Can I invest $1000 in a REIT? ›

Since they aren't publicly available and don't register with the SEC, it's difficult to pinpoint specific investment minimums. However, investment firm Edward Jones says minimum investments for private REITs can range from $1,000 to $50,000.

How many REIT stocks should I own? ›

“I recommend REITs within a managed portfolio,” Devine said, noting that most investors should limit their REIT exposure to between 2 percent and 5 percent of their overall portfolio. Here again, a financial professional can help you determine what percentage of your portfolio you should allocate toward REITs, if any.

Do REITs pay monthly? ›

For investors seeking a steady stream of monthly income, real estate investment trusts (REITs) that pay dividends on a monthly basis emerge as a compelling financial strategy. In this article, we unravel two REITs that pay monthly dividends and have yields up to 8%.

What is the 90% REIT rule? ›

To qualify as a REIT, a company must have the bulk of its assets and income connected to real estate investment and must distribute at least 90 percent of its taxable income to shareholders annually in the form of dividends.

Can you sell a non-traded REIT? ›

Because these Non-traded REITs are not listed on an exchange, their shares are illiquid, and they have substantial valuation and redemption risks as a result. Investors of non-traded REITs can typically only sell their shares after a holding period of a year and under a limited repurchase program.

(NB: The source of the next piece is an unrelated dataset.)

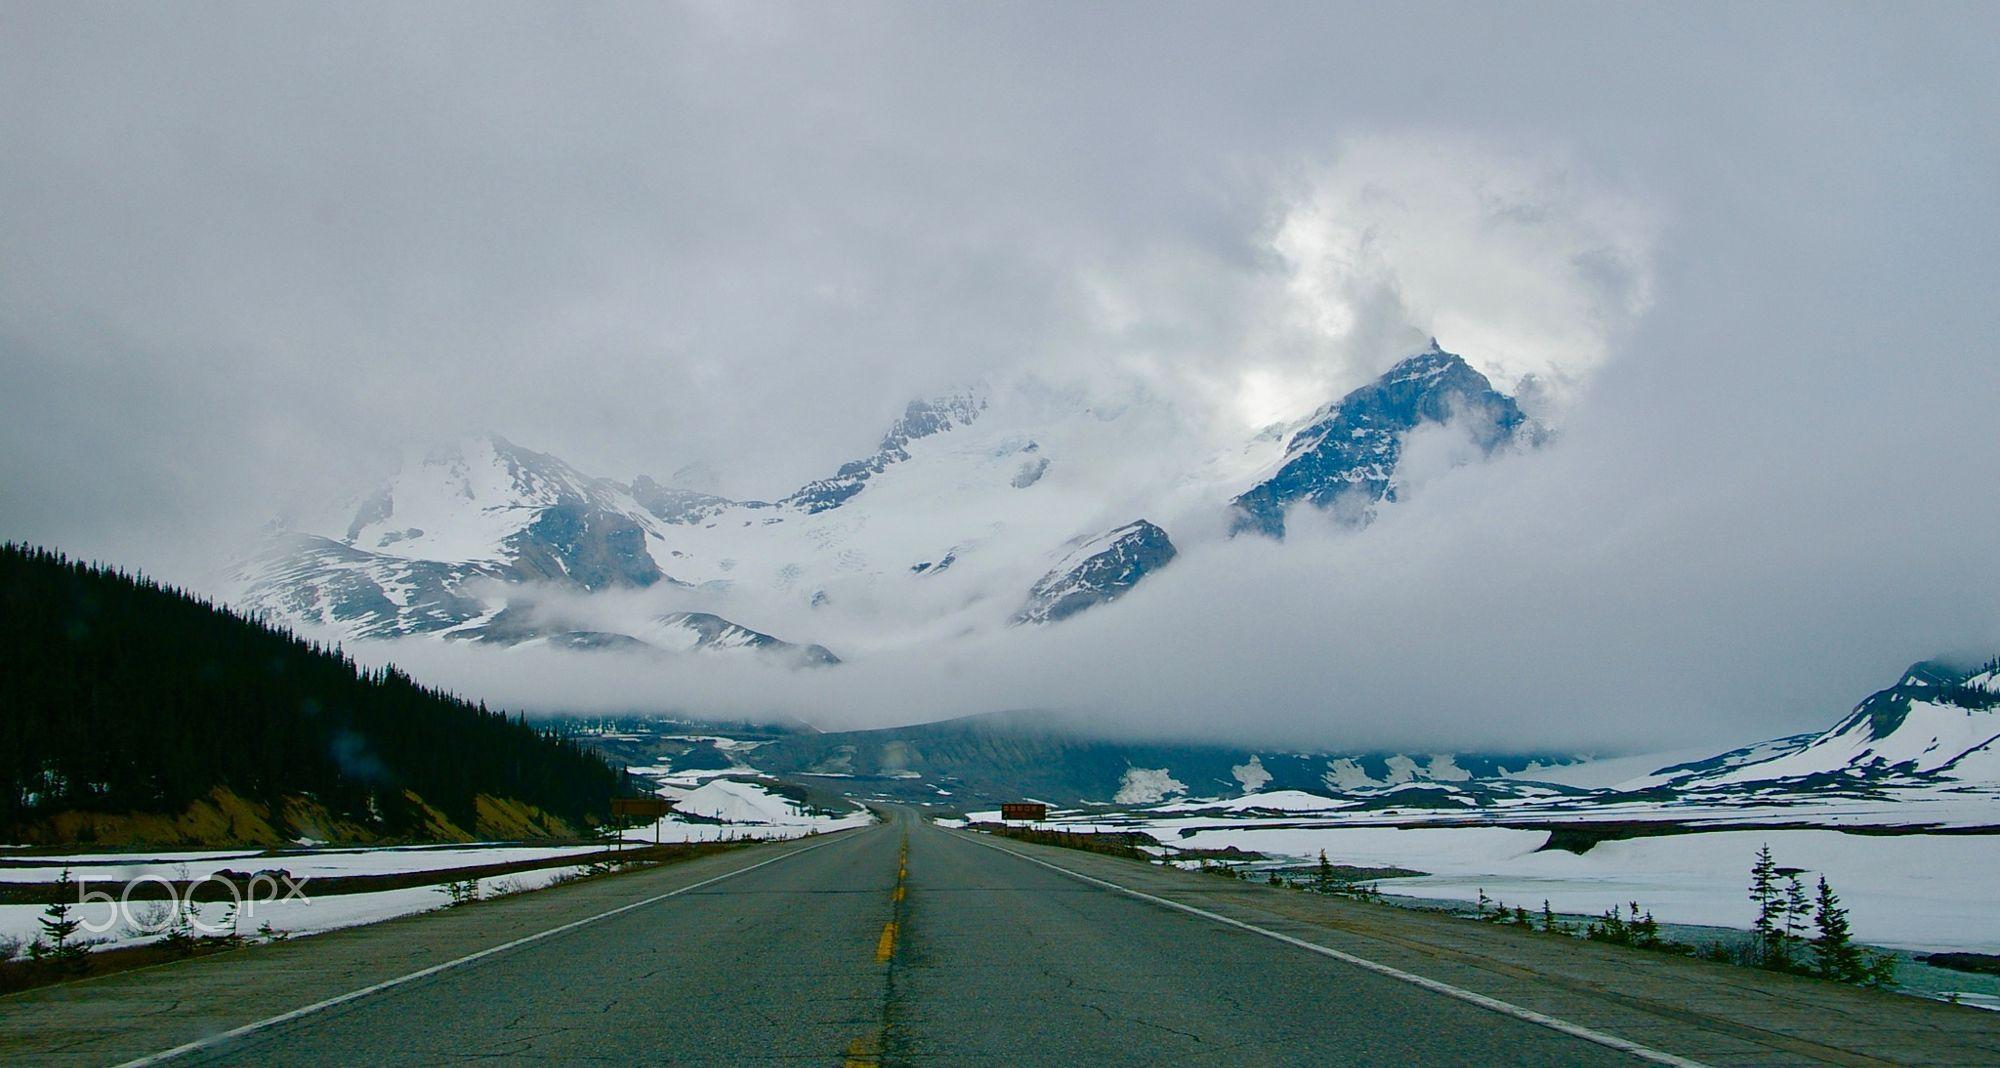 Road To Jasper  Travel photo by kchangleek http://rarme.com/?F9gZi

How are non-traded REITs taxed? ›

Like exchange-traded REITs, non-traded REITs are subject to the same IRS requirements that include returning at least 90% of taxable income to shareholders. Investors tend to seek exchange-traded and non-traded REITs for their income distribution.

Can you sell non-traded REITs? ›

With a non-traded REIT, investors generally have to wait until the REIT liquidates its holdings, although they may be able to sell their shares through a broker. Investors can also use share redemption programs to access their funds.

Are there unlisted REITs? ›

Public non-listed REITs (PNLRs) register with the the Securities and Exchange Commission (SEC), but they do not trade on major securities exchanges. PNLRs operate like listed REITs in nearly every other way, but they typically face redemption restrictions that limit their liquidity.

How do I invest in a non publicly traded company? ›

You can invest in the private market by using pre-IPO investing platforms, alternative asset funds, specialized brokers, direct shares, and indirect investments.

What are the fees for non-traded REITs? ›

A non-traded REIT does not trade on a securities exchange and, because of this, is quite illiquid for long periods of time. Front-end fees can be as much as 15%, much higher than a traded REIT due to its limited secondary market.